- WHAT YOU HAVE TO DO: Would you set down the data that follows, word for word, without any pictures?

- STORED DATA:
- - - -

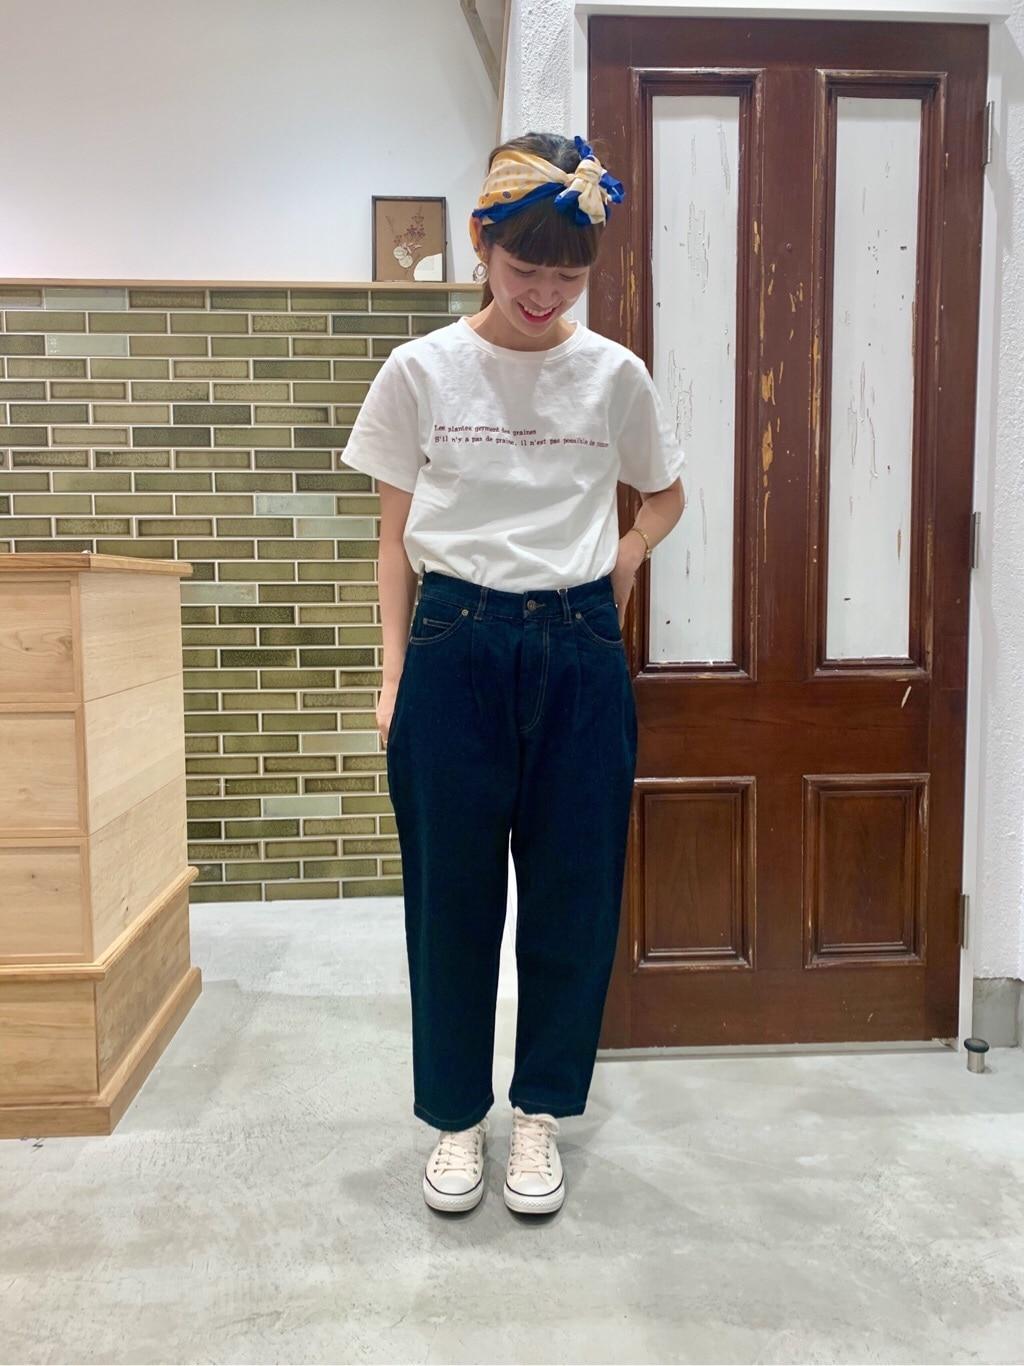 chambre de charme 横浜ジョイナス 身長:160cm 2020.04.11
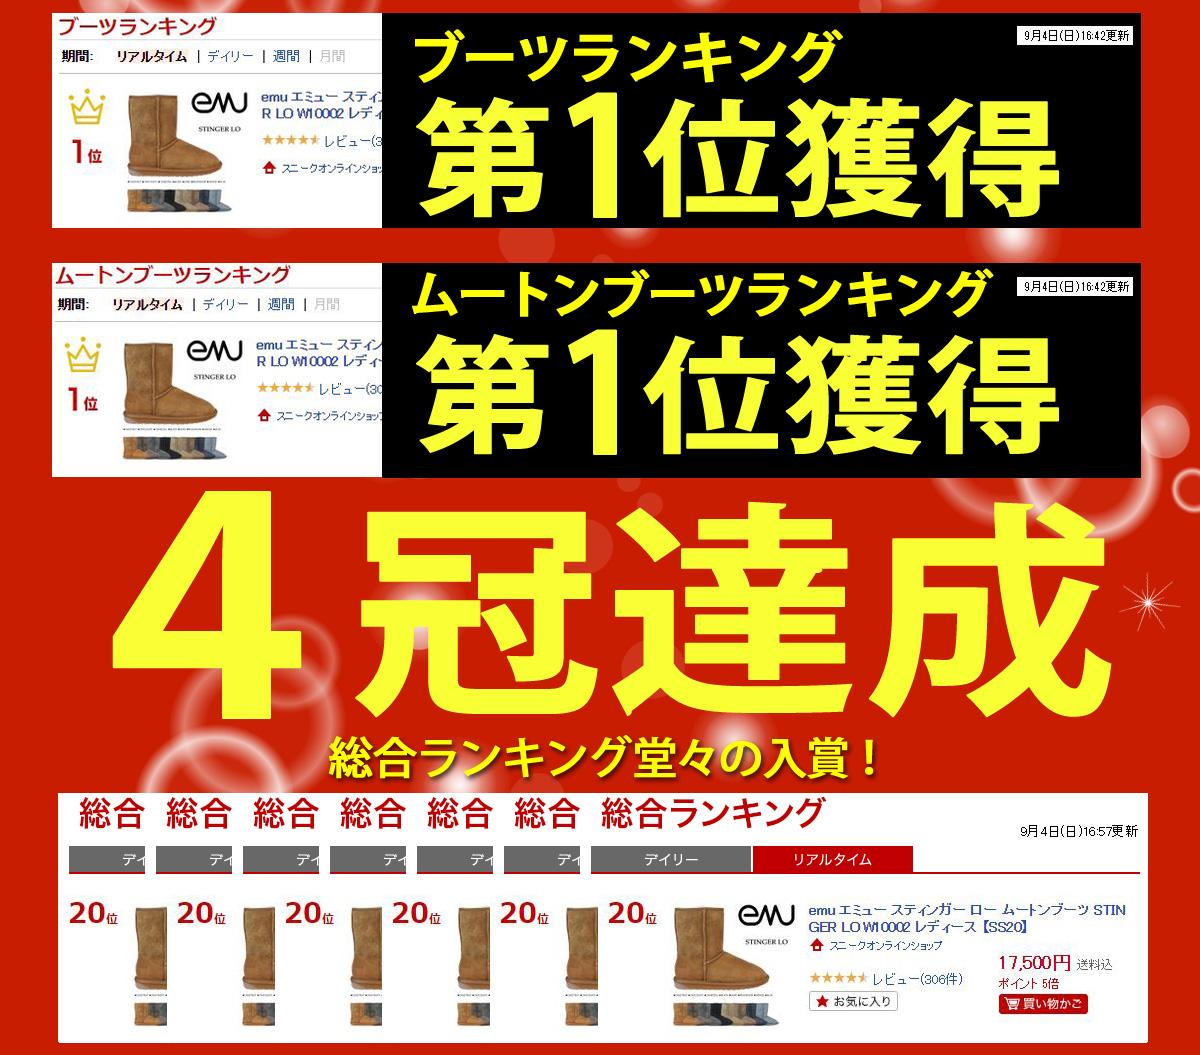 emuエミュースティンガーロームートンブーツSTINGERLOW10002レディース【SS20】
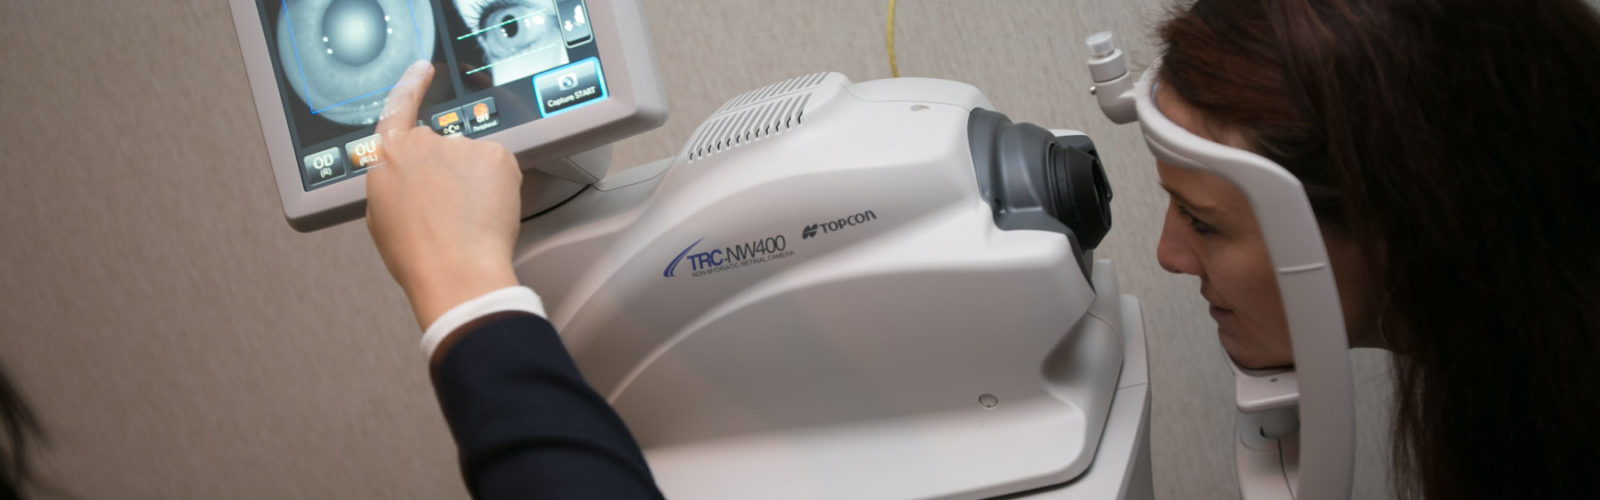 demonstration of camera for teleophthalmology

- - - -

- OUTPUT OF THE TASK:
 chambre de charme 横浜ジョイナス 身長:160cm 2020.04.11
 emuエミュースティンガーロームートンブーツSTINGERLOW10002レディース【SS20】
 demonstration of camera for teleophthalmology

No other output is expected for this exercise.